The silence has predictable consequences. Without ROI data, AI tool budgets become targets during cost-cutting cycles. Without ROI data, decisions about which AI tools to invest in are made on vendor demos and developer preference rather than evidence. Without ROI data, engineering leaders cannot make the case for expanding AI usage to skeptical business stakeholders. The silence is not just an embarrassment - it's a strategic liability.

The root cause of the silence is not malice or negligence. It's a sequencing error. Teams adopt AI tools because they seem promising and developers want them. They focus on adoption: getting tools installed, getting developers trained, getting the workflows working. Measurement is deferred until "after we're settled in." But "after we're settled in" never creates a natural moment to build measurement infrastructure, so it never happens. The deferral becomes permanent, and the team is left trying to reconstruct impact from incomplete data months or years later.

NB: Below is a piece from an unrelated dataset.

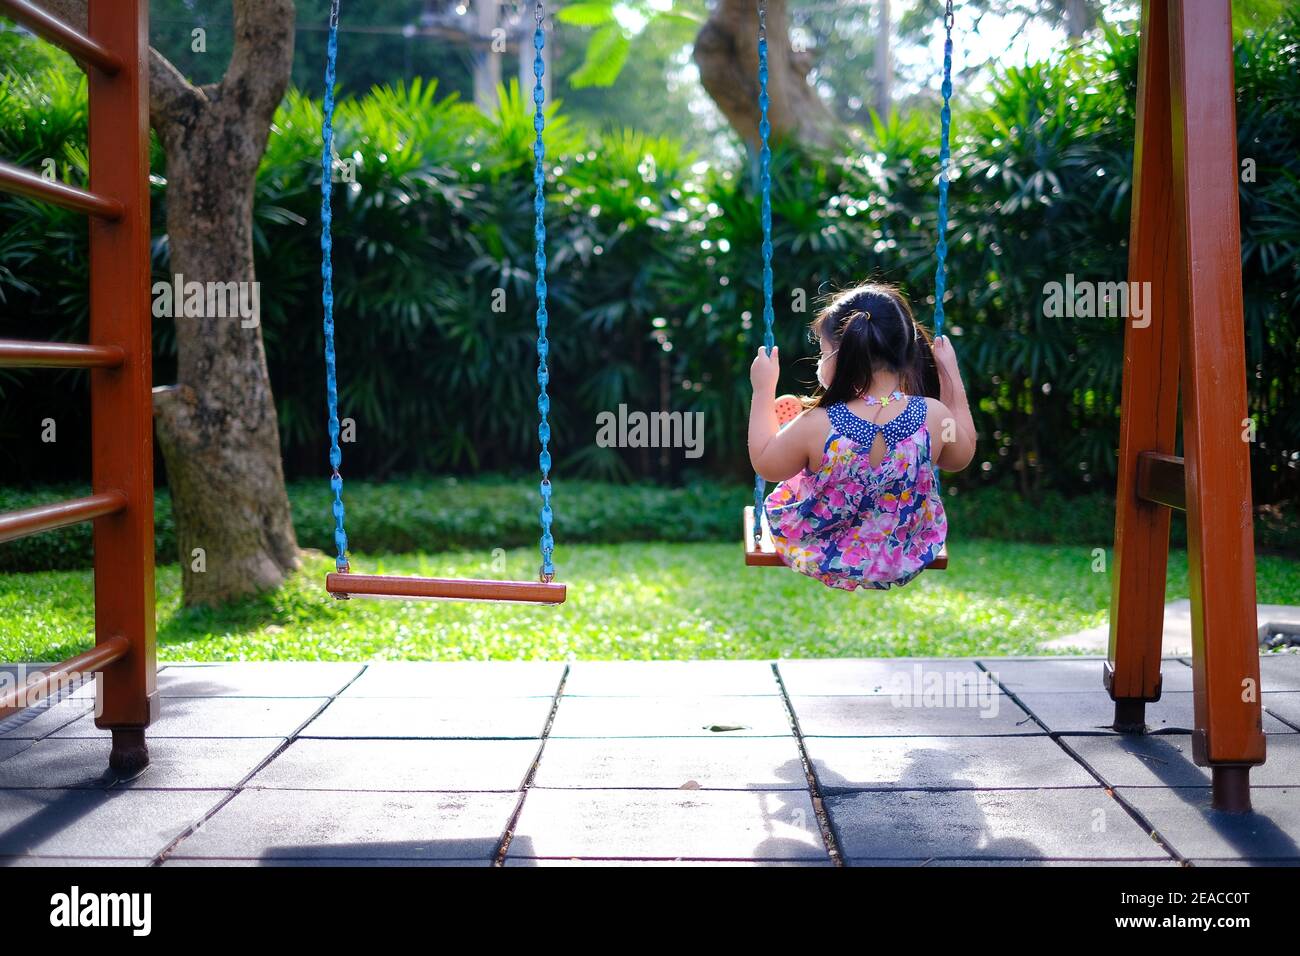 La vue arrière d'une jeune fille asiatique solitaire jouant sur une balançoire par elle-même dans une aire de jeux vide par une journée ensoleillée. Banque D'Images

Understanding what "we saved" actually means is also harder than it sounds. Saved compared to what? Compared to hiring two more developers? Compared to the velocity you would have had without AI tools? Compared to a competitor who didn't adopt AI? The ROI question requires a counterfactual, and without baseline data, the counterfactual is unanswerable. This is why the measurement infrastructure must be built before or at the moment of AI tool adoption, not after.

Why It Matters

Silence kills the budget - when finance asks for AI ROI and gets silence, the default assumption is "we don't know if this is working" - which justifies cutting the budget; teams with data protect their tools, teams without data lose them
Silence prevents scaling - you can't make the case for expanding AI usage from 10 developers to 100 if you can't show what the 10 developers gained; measurement is the prerequisite for organizational scaling
Silence erodes leadership credibility - engineering leaders who champion AI investment and can't produce ROI data look like they made decisions on hype; one bad budget cycle can set AI adoption back a year
The window for baseline data closes - every month without measurement is a month of baseline data that's permanently lost; when you eventually instrument AI impact, you can never fully reconstruct the pre-AI comparison
Silence is answered by alternative metrics - in the absence of real ROI data, organizations default to proxy metrics like PR count or lines of code; these metrics are gameable and misleading, and they incentivize the wrong behaviors

Getting Started

Identify the ROI question you'll be asked - Before building measurement infrastructure, understand what question leadership will ask. Is it "how much faster are developers shipping?" (throughput ROI), "how much less are we spending on headcount to achieve the same output?" (cost ROI), or "how much faster are we moving compared to competitors?" (competitive ROI). Different questions require different metrics.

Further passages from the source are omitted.